Samuel de Chаmplain
“The Father of New France”, Samuel de Champlain (c. 1570 - 1635) was a French navigator, cartographer, diplomat, and the founder of Quebec City (1608) of which he was the administrator for the rest of his life. After his first voyage to Canada in 1603 as an observer at a fur-trading expedition, he created a map of the St. Lawrence River and published its first detailed description since Jacques Cartier’s explorations.
He also wrote a book Concerning the Savages: or travels of Samuel Champlain, of Brouages, made in New France the year 1603 (Des Sauvages: ou voyage de Samuel Champlain, de Brouages, faite en la France nouvelle l’an 1603). In 1604, Champlain sailed to Acadia with the Sieur de Monts, who planned to establish a French colony there. As a cartographer, Champlain was charged with a search of an ideal location for settlement.
Twice, in 1605 and 1606, he explored the coastline of what is now New England. The first permanent white settlement in America, North of Mexico, was Port Royal, built in 1605 by De Monts, from plans by Champlain.
Finally deciding on the St. Lawrence instead, in 1608, de Monts sent Champlain to establish a settlement at Quebec, where the fur trade with native peoples could be controlled more easily. In the spring of 1608, three ships left France, one of them commanded by Champlain. In June, the small group of settlers arrived at Tadoussac.
They left the ships and continued to Quebec in small boats. On July 3, 1608, Champlain landed at the “point of Quebec” and set three main two-stories buildings. That is how the city of Quebec started. Fortifying Quebec City became one of Champlain’s passions, which he pursued for the rest of his life. In 1613, Champlain continued his exploration of the Huron country hoping to find the “northern sea” he had heard about (probably Hudson Bay). He traveled the Ottawa River and later accounted of his journey in his Voyages and published another map of New France.
In 1614, when in France, he formed form a society with Rouen and Saint-Malo merchants for eleven years. Quebec would become an exclusive warehouse for their fur trade and, in return, the Rouen merchants would support the settlement. He returned to New France in the spring of 1615 with four Franciscan missionaries to promote Catholicism in the new colony. The Roman Catholic Church would be given large and valuable tracts of land, nearly 30% of all the lands granted by the French Crown in New France. Champlain established and developed a vast trade network by forming alliances with the Montagnais of the St Lawrence, the nations on the Ottawa River, and the Hurons of the Great Lakes.
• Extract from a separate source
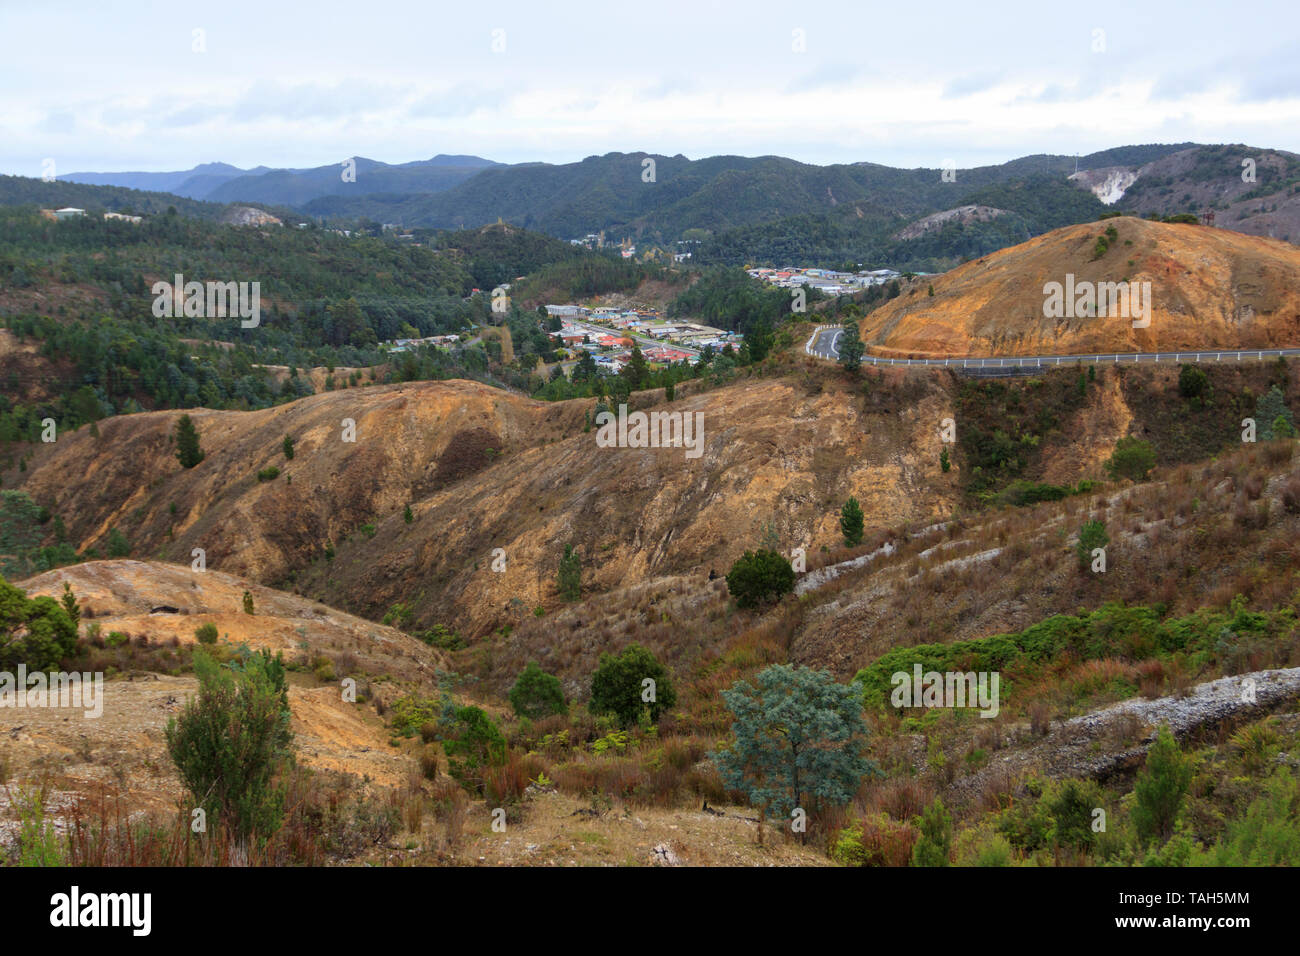 Les collines autour de Queenstown en Tasmanie à la roche jaune à partir de l'abattage d'arbres et les fumées provenant des fours avec végétalisation Banque D'Images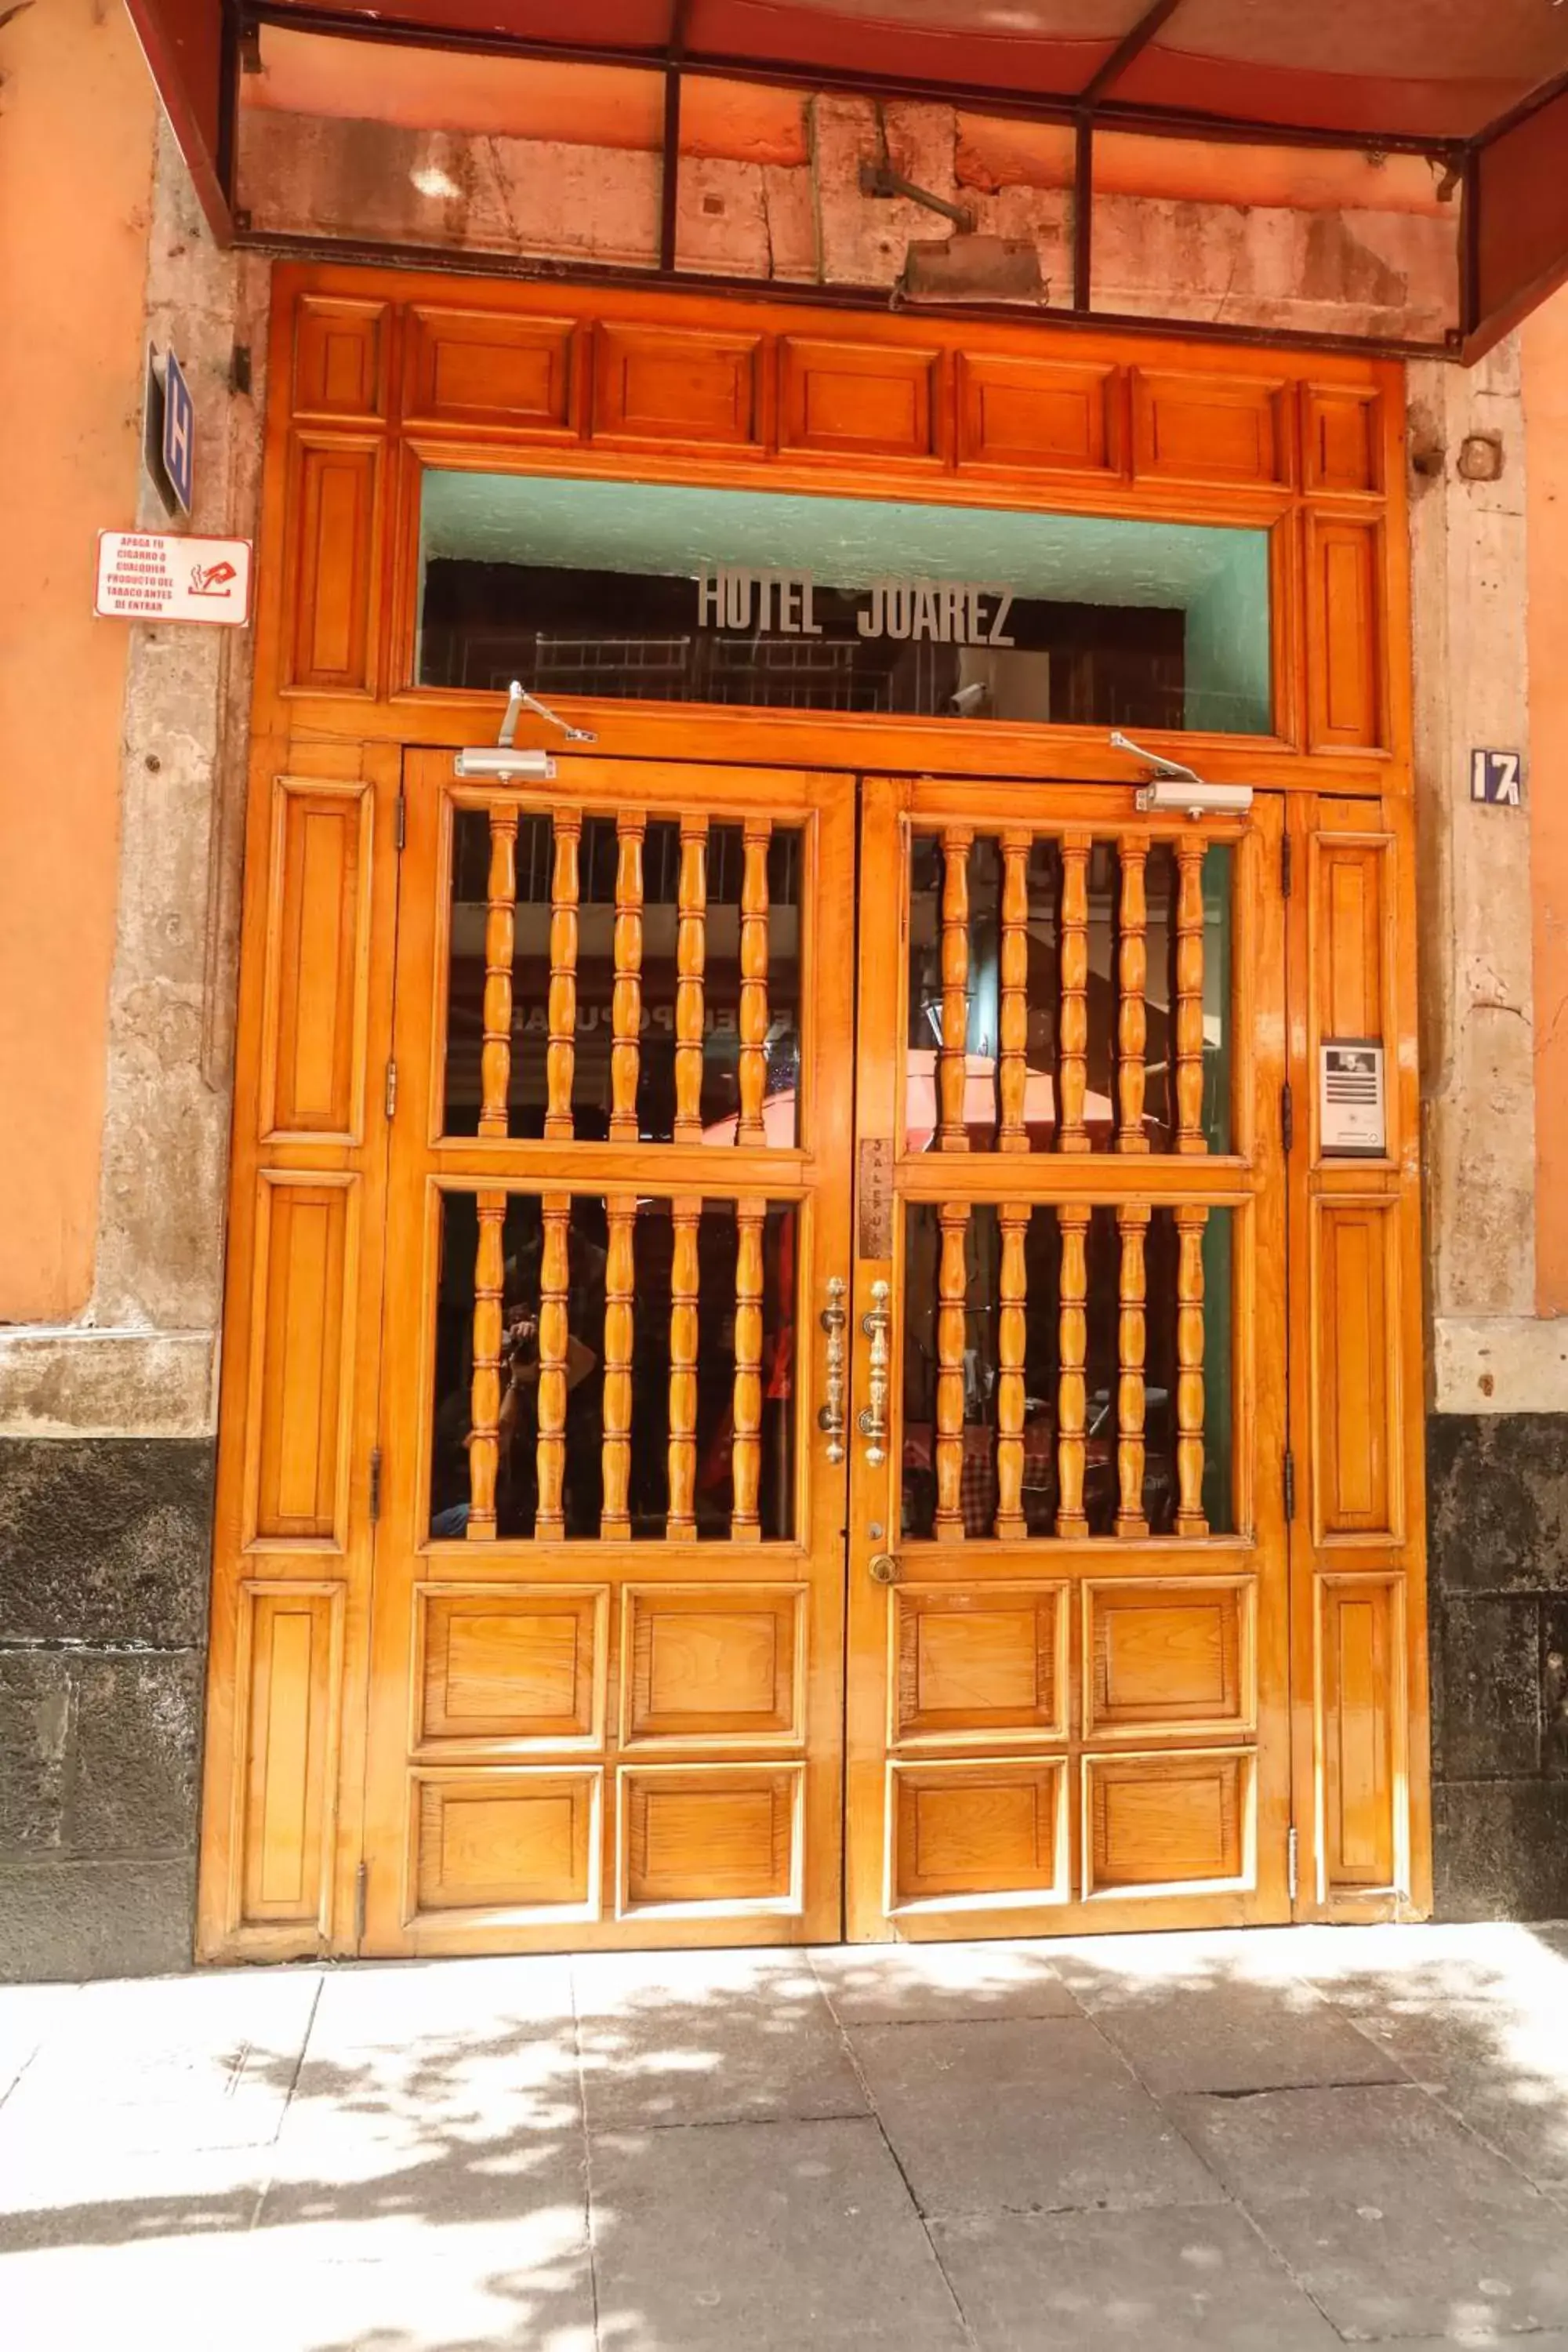 Facade/entrance in Hotel Juarez

These nations demanded Champlain’s support in their war against the Iroquois, whose territory was to the south of Lake Ontario. Champlain explored the Richelieu River (then called Iroquois River, Rivière des Iroquois) and mapped the lake (now called Lake Champlain).
During this campaign, in 1615, left only with a few of his compatriots and a group of indigenous people, he and his party encountered a group of Iroquois. In a battle, Champlain managed to kill two of the three Iroquois chiefs, and another member of the expedition killed the third. Defeated, the Iroquois fled. This battle set the tone for French-Iroquois relations for the next one hundred years. With his native guides, Champlain explored further up the Ottawa River and reached Lake Nipissing. He then followed the French River and reached the fresh-water sea he called Lac Attigouautau (now Lake Huron). In 1615, at Cahiague (on Lake Simcoe), Champlain started a military expedition with the the Hurons. At an Onondaga fort, Champlain was wounded in the leg by arrows during a battle with the Iroquois. The Hurons insisted that Champlain spent the winter with them, and he stayed for the winter learning “their country, their manners, customs, modes of life”. In sping of 1616, he left the Huron country and was back in Quebec before heading to France in the summer.
Champlain returned to New France in 1620, and for the rest of his life he focused on administration of the region rather than exploration. He continued to work on relations with the Native people and managed to negociate a peace treaty with the Iroquois tribes. The various merchant companies that employed Champlain found it more profitable to deal only with the fur trade. Champlain, however, dreamed of turning Quebec into the centre of a powerful colony. In his 1618 report, he outlined its commercial, industrial and agricultural opportunities. His dream almost came true in 1627 when the Compagnie Des Cents-Associés was founded. But then war (1629-32) broke out and Quebec was occupied by the English. Champlain had to leave the New France. In 1633, Champlain returned to Quebec.
Paralysed in the fall of 1635, he died the following December leaving no immediate heirs. In 1640, the church where he had been buried was destroyed by fire. That is why the exact burial site of Champlain is unknown. Champlain left behind a considerable body of writing. His works are the only account of the Laurentian colony during the first quarter of the 17th century.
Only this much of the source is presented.